When I first read this book, I assumed it was a memoir, but the interview with Mattilda that the publisher enclosed with my review copy states that it’s a novel. Hmm. It reads like a memoir and shuns the conventions of a novel, such as character development and a linear progression of an idea, but it’s experimental prose, so it’s going to be one of those love-it-or-hate-it books for many readers. I’ll admit right off that I’m not a huge fan of stream-of-consciousness writing. However, my standing rule is to judge a book by what it is, not what it isn’t. So what is So Many Ways to Sleep Badly?

On one hand, you could say it’s a trip to the other side of the tracks, unless you live on the brink of poverty in San Francisco, are an anti-assimilationist queer activist, an incest survivor, and suffer from a chronic illness that makes you so fragile that you can’t even sleep. These identities give Mattilda a far different perspective on San Francisco and queer culture than you’ll read in mainstream queer media. That jolt of fresh insight is a good reminder that even within a community, not everyone has the same agenda, ambitions, or beliefs.

Ah – but we review erotica at Erotica Revealed, so what does this book have to do with erotica? Mattilda is a whore. She doesn’t mince words about it, so I won’t either. She writes honestly about her tricks, and there are a lot of them.

“… because I’m a sucker for any ridiculous song about hookers. What’s the line? Something about giving up their bodies for a thousand other men. Rue says a thousand – I think I’m up around five thousand. And five of them were fun.”

Her tricks range from the pathetic: “My cellphone rings, this guy wants to know if I have a discount for married guys with kids.” “Another trick that wants to know if I have any diseases, he doesn’t want to bring anything home to his wife.”
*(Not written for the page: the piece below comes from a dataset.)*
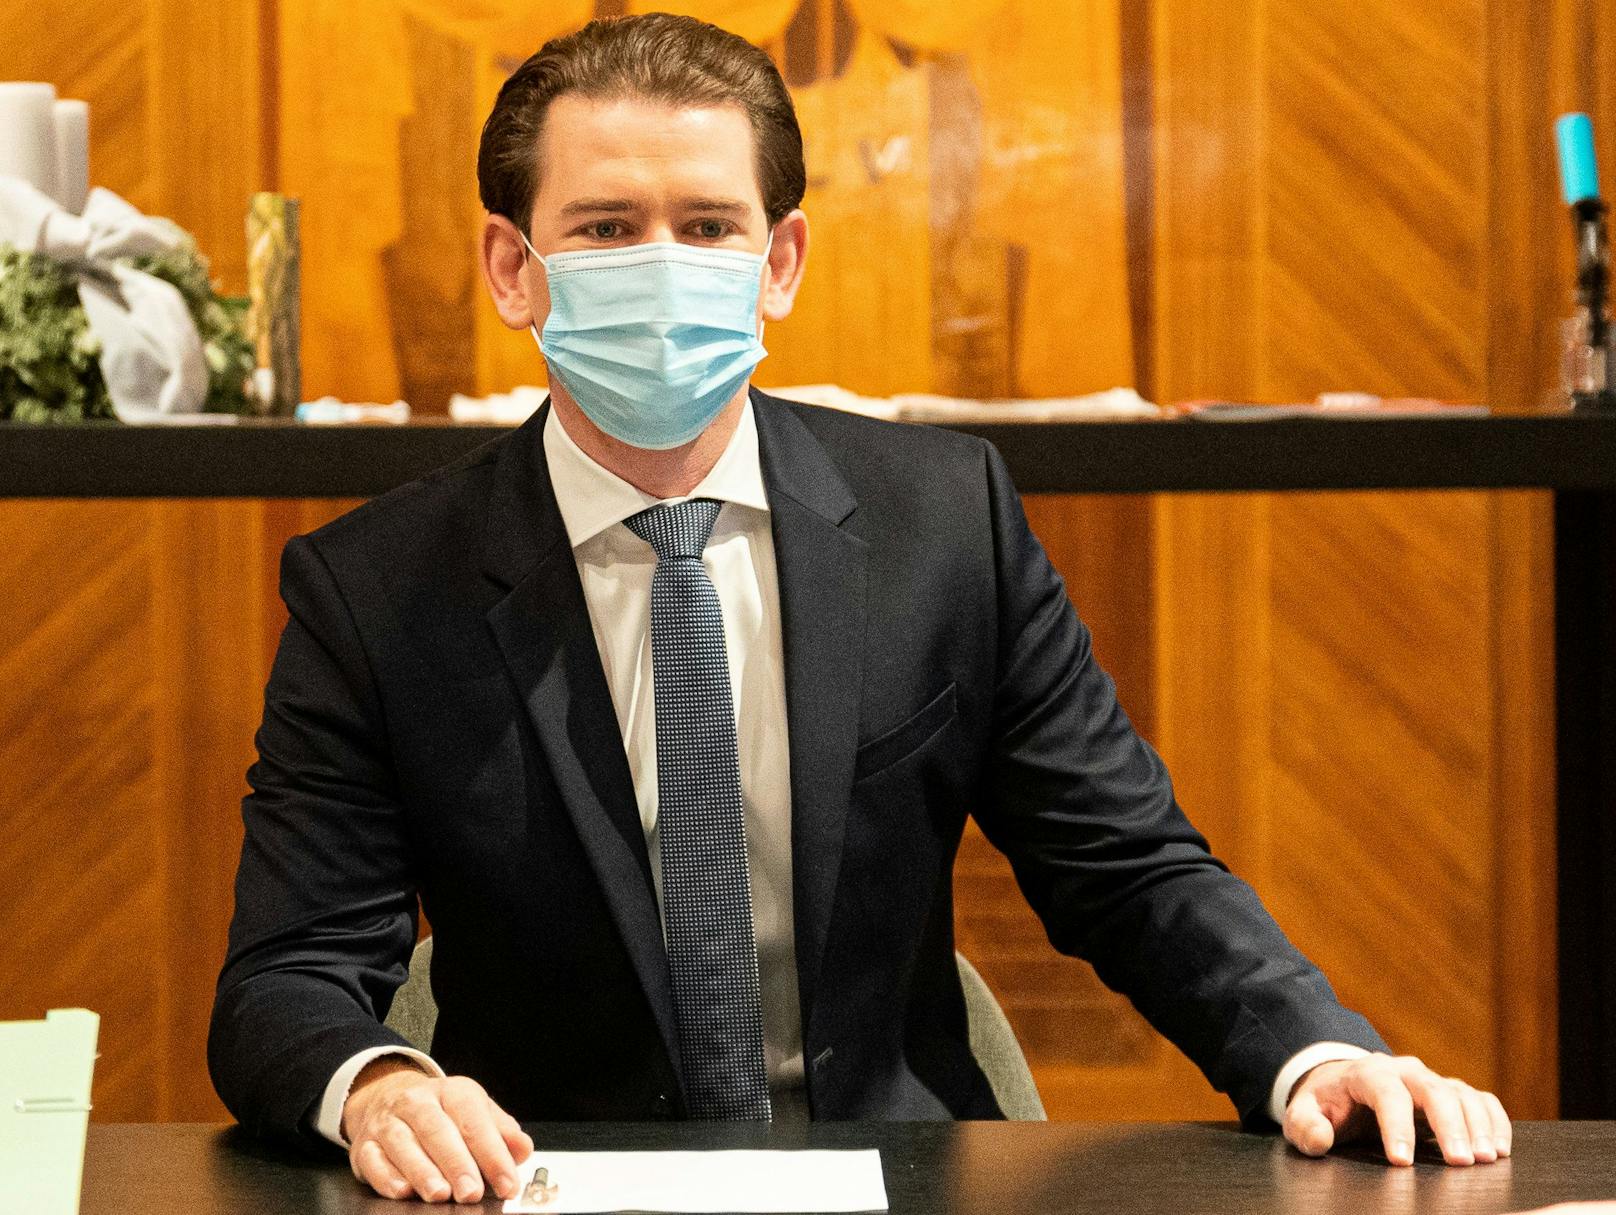 Bundeskanzler Sebastian Kurz will sich "ganz bestimmt impfen" lassen.

To the absurd: “Andrew’s from Seattle, he gives me a ride home and tries to shake my hand goodbye. Sorry honey – you just sucked my cock – I think we can kiss.”

To the rare times he enjoys it: “This trick shows up and he’s so hot, preppy boy with a shaved head and lots of freckles – and he’s grinning at me. Right away, we’re making out and it’s totally sex, soft and hard and warm and connected.”
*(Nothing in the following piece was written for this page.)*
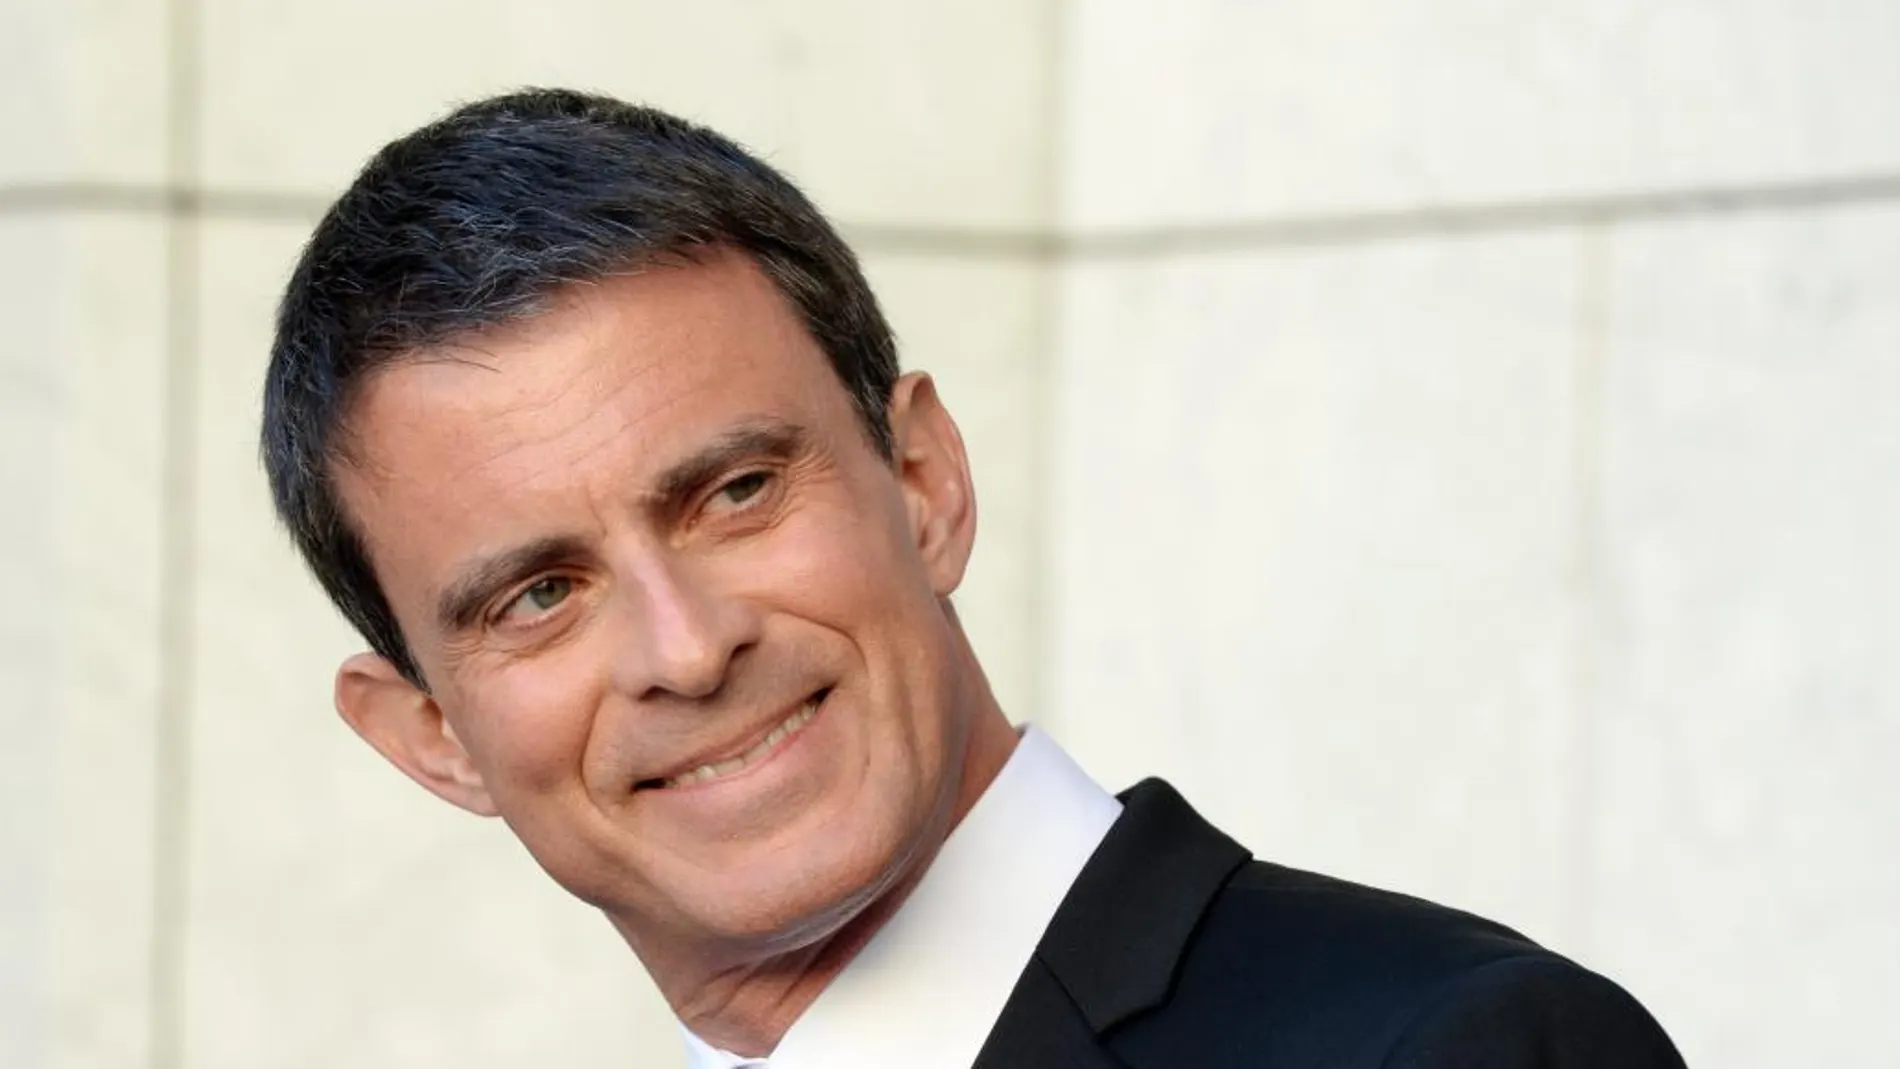 El primer ministro francés, Manuel Valls, ayer en Canberra, Australia
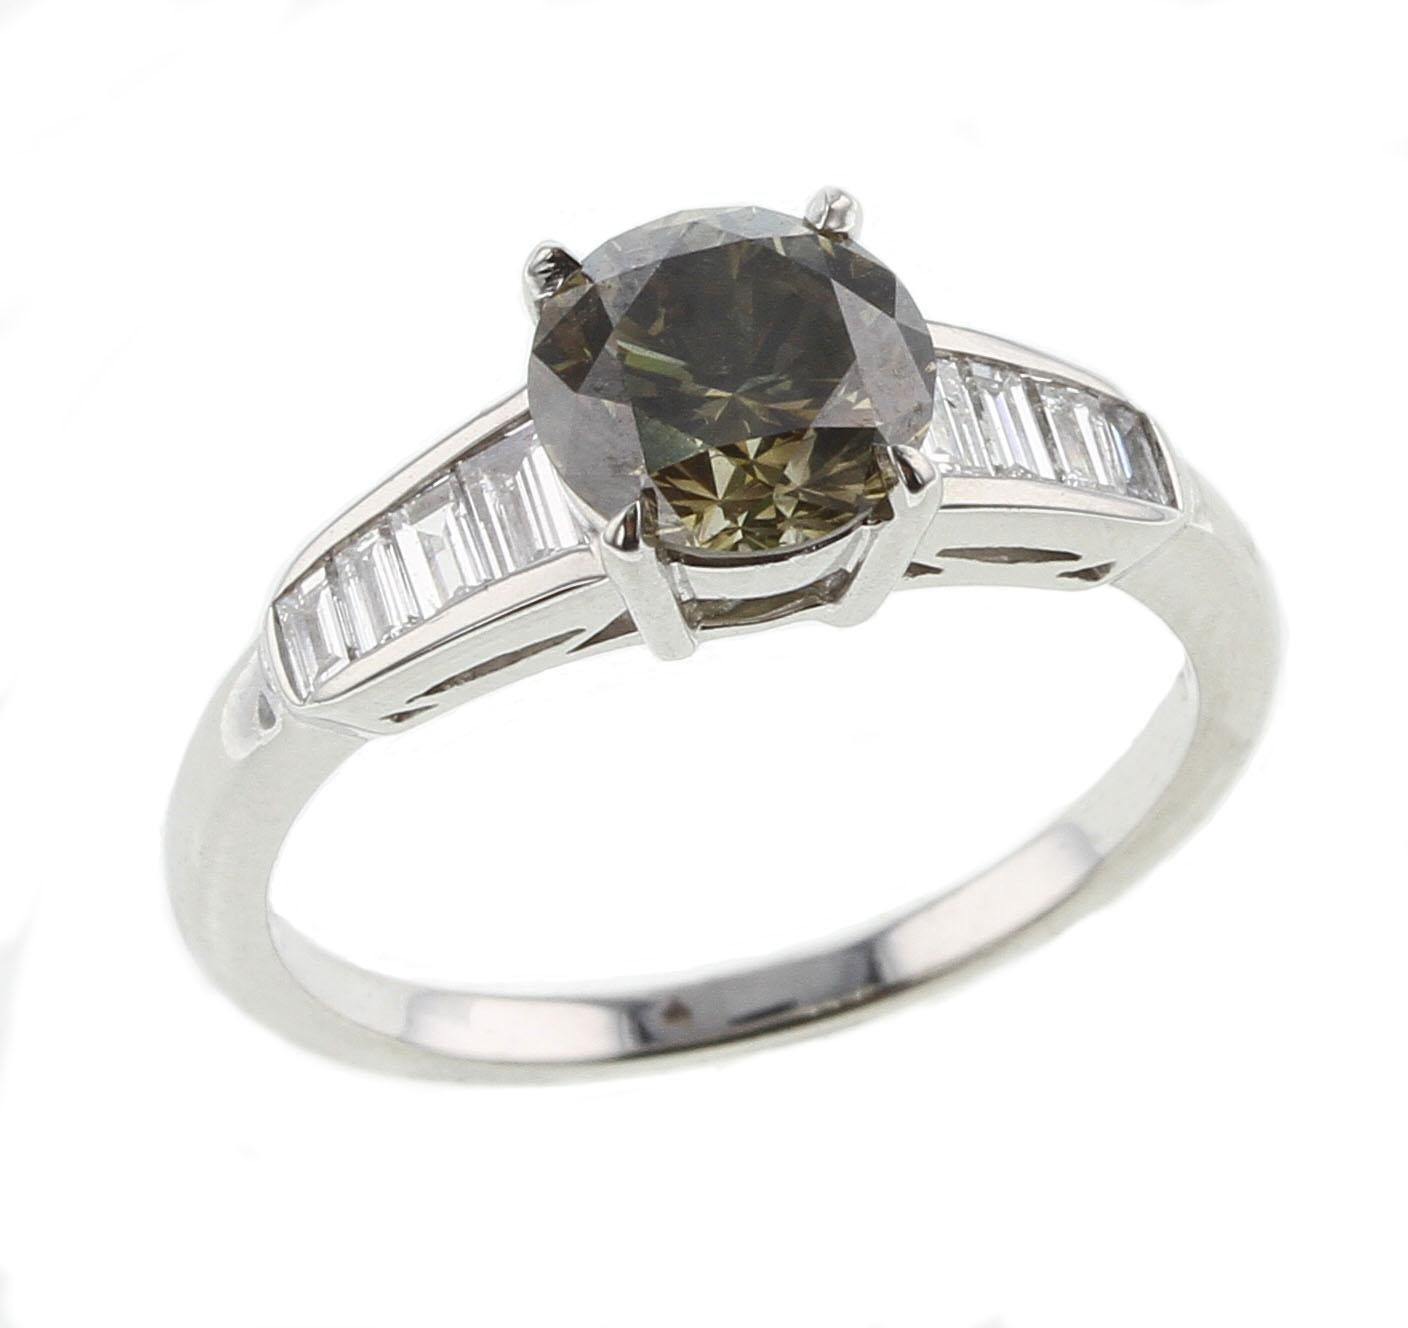 Une magnifique pierre de 1,44 ct. Bague en platine avec diamant brillant rond de couleur gris verdâtre foncé. Diamants latéraux : 0.26 ct. Certificat GIA disponible. Taille de la bague : 6.5.

Beyond sex for pay, Mattilda also writes about cruising for sex on Craigslist, in the park, and at Power Exchange, even though she rarely finds what she’s looking for and often vows never to return.

“I go to the Power Exchange. I know what you’re thinking: why does she break her own rules - it’ll only lead to disaster, and it does honey, it does. I can’t even describe how boring and awful it is, but I’m a writer – that’s my job.”
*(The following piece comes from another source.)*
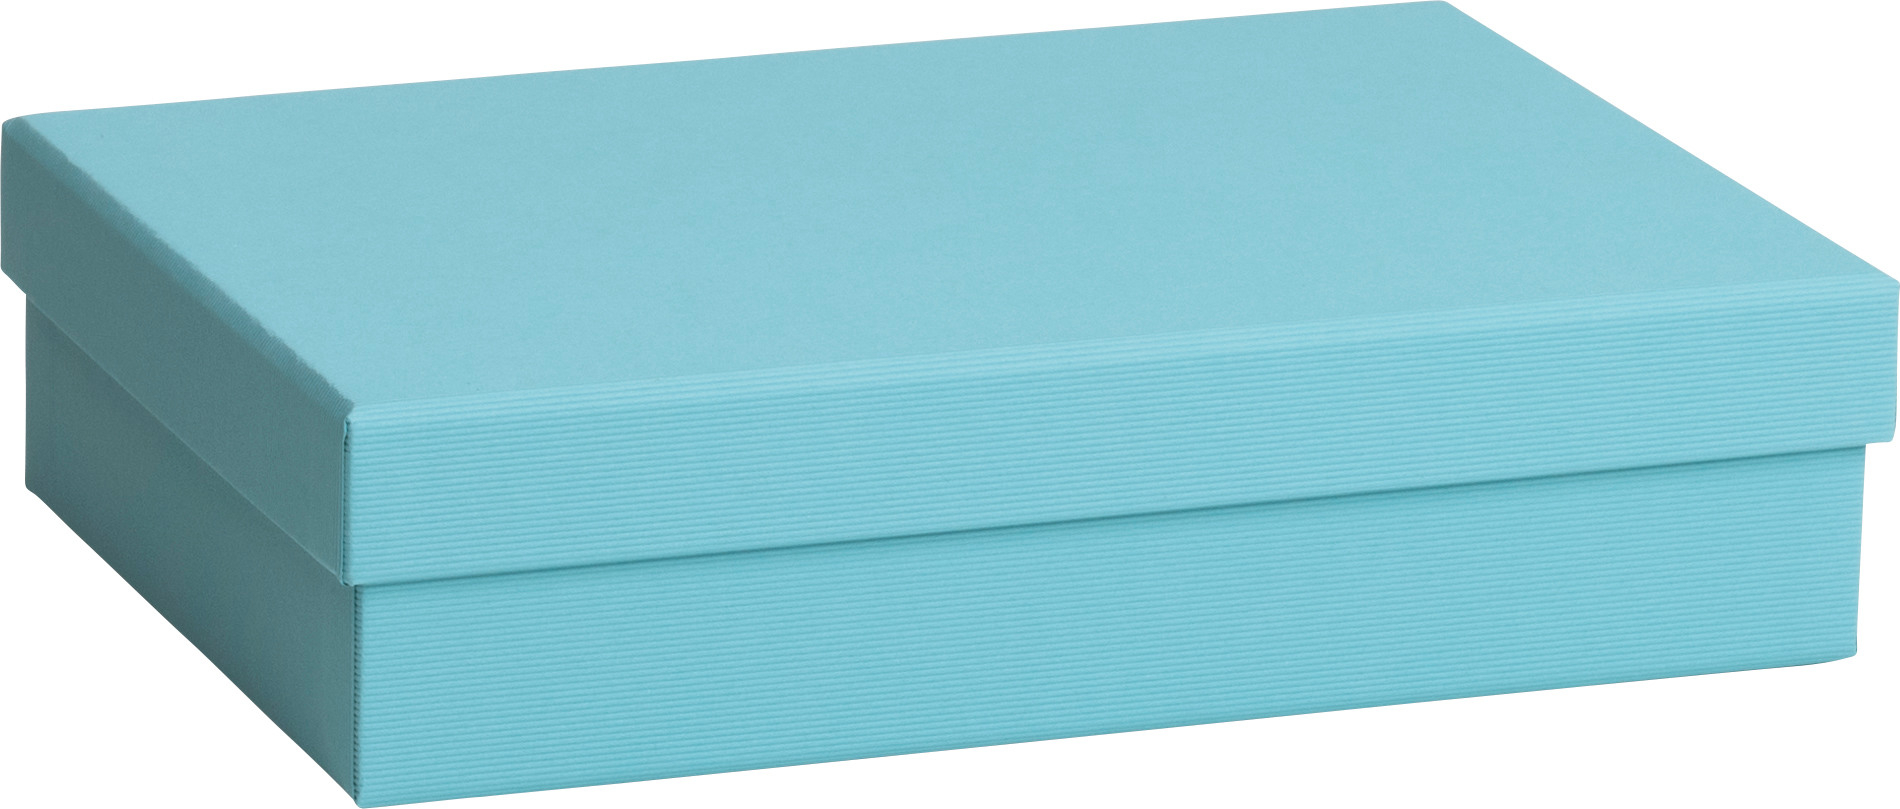 STEWO Geschenkbox One Colour 2551783492 blau hell 16.5x24x6cm

That passage made me laugh, and reminded me of the e-mail conversation Mattilda and I had several years ago about sex at venues such as Nob Hill Theater and Power Exchange being a form of  performance art. If only it had that much creativity. She seems to seek temporary transcendence in sex. Occasionally, it happens. Usually, it doesn’t.

At the beginning of the novel, there’s hope for a relationship. Those very honest moments with Jeremy are the most erotic in the novel, probably because of the emotional vulnerability. The romantic in me wanted to see it work out, but this story is about real life, so of course it doesn’t end that way. Mattilda writes: “I thought this novel was turning into a love story, but now Jeremy’s fucking that up.” It isn’t what you’d think – Mattilda’s sex work isn’t what drives them apart. Mattilda wants someone to cuddle with. Jeremy doesn’t want to be bothered with a boyfriend because it’s too much work to put another person first.

The story loses energy and direction in the last couple chapters. Mattilda throws names around with no clear definition of who the characters are or their relation to her. There is no resolution. No one learns anything. Instead, everyone clings tighter to what they are when challenged. Revelations are on a small scale, and not life-changing. As a novel, So Many Ways to Sleep Badly doesn’t really work, but as a fictionalized memoir, it does. If you have even a little curiosity about life as a gay sex worker, this novel will fascinate you. Despite the experimental style of prose, I found it interesting and funny.